Manage external collaboration


Azure AD External Identities is a feature that makes it possible for you to allow people outside your organization to access your apps and resources. They access with a sign-in using whatever identity they prefer. Your partners, distributors, suppliers, vendors, and other guest users can "bring their own identities." Whether they have a corporate or government-issued digital identity, or an unmanaged social identity like Google or Facebook, they can use their own credentials to sign in. The external user’s identity provider manages their identity, and you manage access to your apps with Azure AD to keep your resources protected.

Diagram of the different ways an external user account can be generated and verified, when invited to your Azure A D.

Depending on the inviting organization's needs, an Azure AD B2B collaboration user can be in one of the following account states:

State Definition
State 1 Homed in an external instance of Azure AD and represented as a guest user in the inviting organization. In this case, the B2B user signs in by using an Azure AD account that belongs to the invited tenant. If the partner organization doesn't use Azure AD, the guest user in Azure AD is still created. The requirements are that they redeem their invitation and Azure AD verifies their email address. This arrangement is also called a just-in-time (JIT) tenancy or a "viral" tenancy.
State 2 Homed in a Microsoft or other account and represented as a guest user in the host organization. In this case, the guest user signs in with a Microsoft account or a social account. The invited user's identity is created as a Microsoft account in the inviting organization’s directory during offer redemption.
State 3 Homed in the host organization's on-premises Active Directory and synced with the host organization's Azure AD. You can use Azure AD Connect to sync the partner accounts to the cloud as Azure AD B2B users with UserType = Guest.
State 4 Homed in the host organization's Azure AD with UserType = Guest and credentials that the host organization manages.

External identities scenarios

Azure AD External Identities focus less on a user's relationship to your organization and more on how the user wants to sign in to your apps and resources. Within this framework, Azure AD supports various scenarios.

A B2B collaboration scenario allows you to invite external users into your own tenant as "guest" users that you can assign permissions to (for authorization) while letting them use their existing credentials (for authentication). Users sign in to the shared resources using a simple invitation and redemption process with their work, school, or other email account. You can also use Azure AD entitlement management to configure policies that manage access for external users. And now with the availability of self-service sign-up user flows (preview), you can allow external users to sign up for applications themselves. The experience can be customized to allow sign-up with a work, school, or social identity (such as Google or Facebook). You can also collect information about the user during the sign-up process.

The following list identifies an example B2B collaboration scenario and details some of the capabilities it provides:

  • Primary scenario - Collaboration using Microsoft applications (Microsoft 365, Teams, and so on) or your own applications (SaaS apps, custom-developed apps, and so on).
  • Intended for - Collaborating with business partners from external organizations like suppliers, partners, vendors. Users appear as guest users in your directory. These users may or may not have managed IT.
  • Identity providers supported - External users can collaborate using work accounts, school accounts, any email address, SAML and WS-Fed based identity providers, Gmail, and Facebook.
  • External user management - External users are managed in the same directory as employees, but are typically annotated as guest users.

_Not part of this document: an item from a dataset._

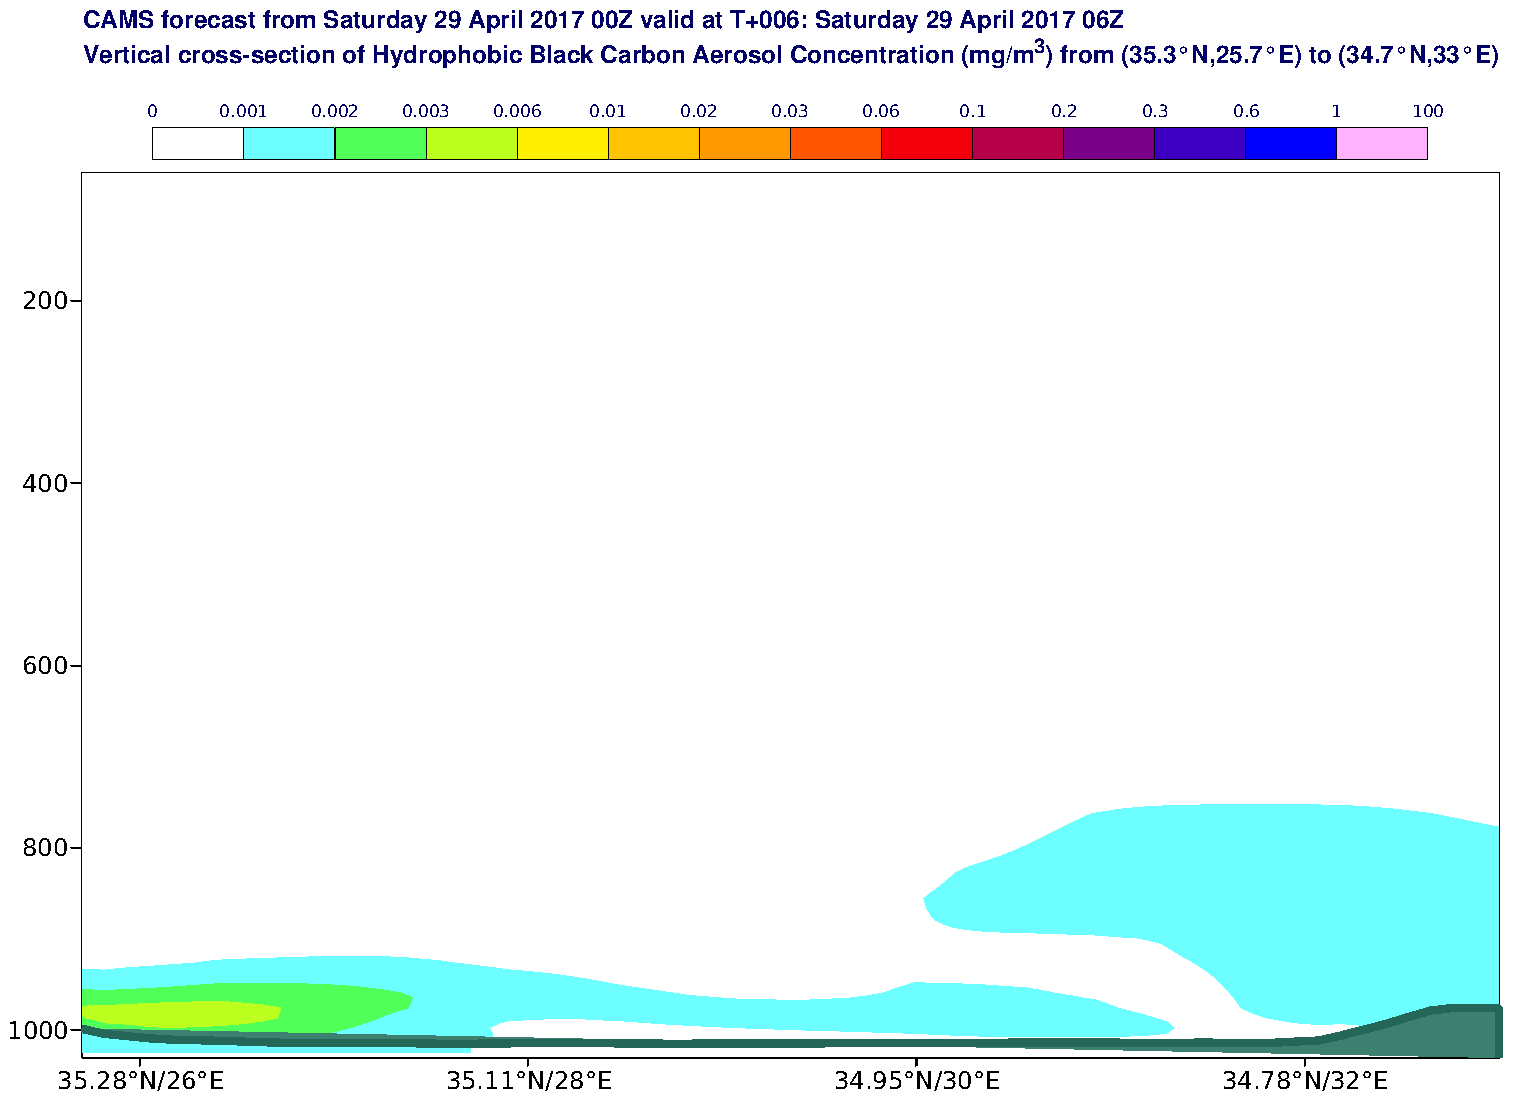 Vertical cross-section of Hydrophobic Black Carbon Aerosol Concentration (mg/m3) valid at T6 - 2017-04-29 06:00

Guest users can be managed the same way as employees, added to the same groups, and so on.
  • Single sign-on (SSO) - SSO to all Azure AD-connected apps is supported. For example, you can provide access to Microsoft 365 or on-premises apps, and to other SaaS apps such as Salesforce or Workday.
  • Security policy and compliance - Managed by the host/inviting organization (for example, with Conditional Access policies).
  • Branding - Host/inviting organization's brand is used.

Manage external collaboration settings in Azure Active Directory

This unit describes how to enable Azure Active Directory (Azure AD) B2B collaboration. Then, we explore the ability to designate who can invite guests, and determine the permissions that guests have.

By default, all users and guests in your directory can invite guests even if they're not assigned to an admin role. External collaboration settings let you turn guest invitations on or off for different types of users in your organization. You can also delegate invitations to individual users by assigning roles that allow them to invite guests.

Azure AD allows you to restrict what external guest users can see in your Azure AD directory. By default, guest users are granted a limited permission level. The guests are blocked from listing users, groups, or other directory resources. But, the guests can see membership of non-hidden groups. A new preview setting lets you restrict guest access even further, so that guests can only view their own profile information. For details, see Restrict guest access permissions.

Configure business-to-business external collaboration settings

With Azure AD B2B (Business to Business) collaboration, a tenant admin can set the following invitation policies:

  • Turn off invitations (no external users can be invited)
  • Only admins and users in the Guest Inviter role can invite (only admins and users in the Guest Inviter role can invite)
  • Admins, the Guest Inviter role, and members can invite (same as above setting, but invited members can also invite external users)
  • All users, including guests, can invite (as the name implies, all users in the tenant can invite external users)

By default, all users, including guests, can invite guest users.